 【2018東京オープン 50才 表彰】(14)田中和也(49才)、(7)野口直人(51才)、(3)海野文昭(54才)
------------------------
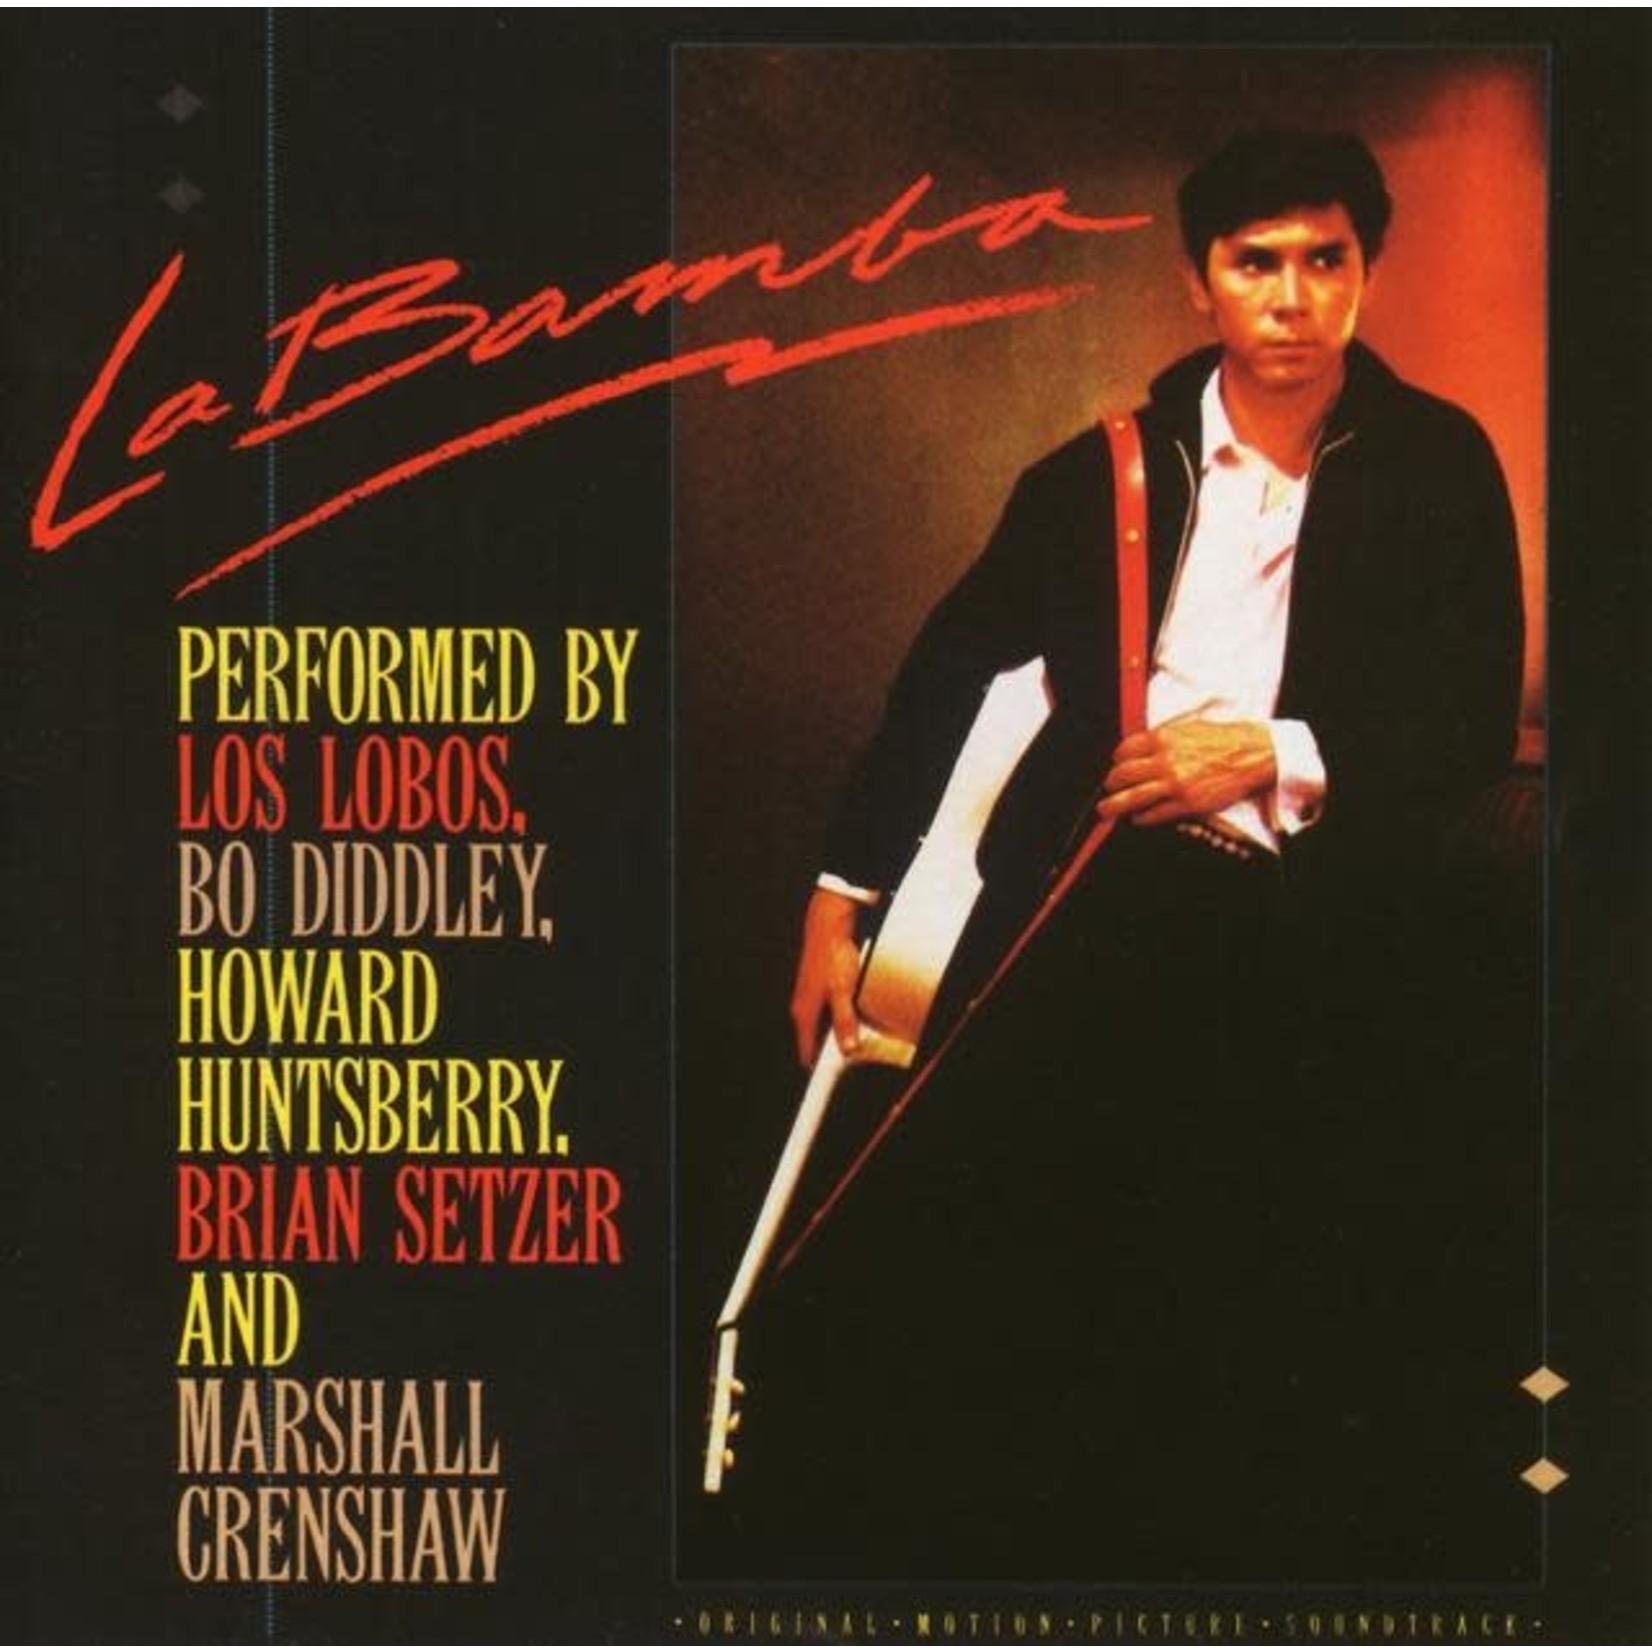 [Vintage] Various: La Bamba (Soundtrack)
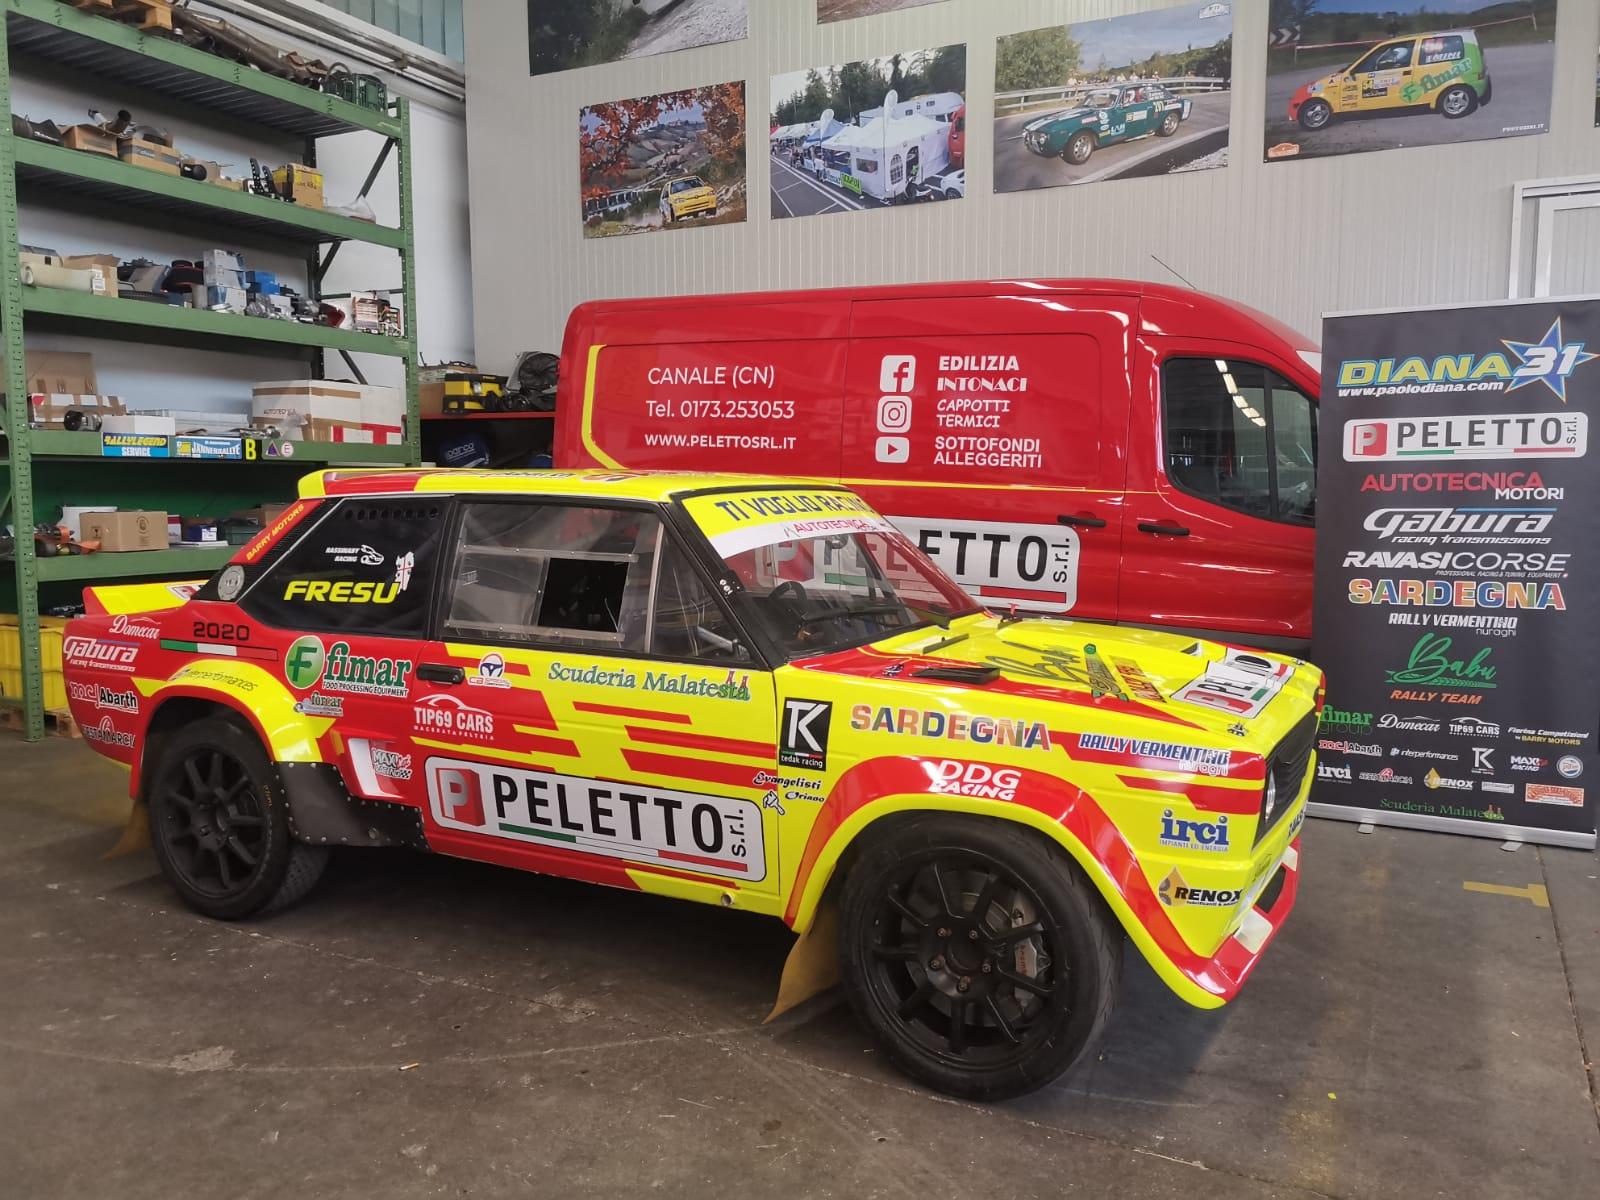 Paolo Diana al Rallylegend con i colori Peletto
------------------------
What is needed. Starting at the line above that has "[Vintage] Various: La Bamba (Soundtrack)" and ending at the line that has "Paolo Diana al", copy each line exactly, leaving the pictures out and adding nothing.

Reply.
 [Vintage] Various: La Bamba (Soundtrack)
 Paolo Diana al Rallylegend con i colori Peletto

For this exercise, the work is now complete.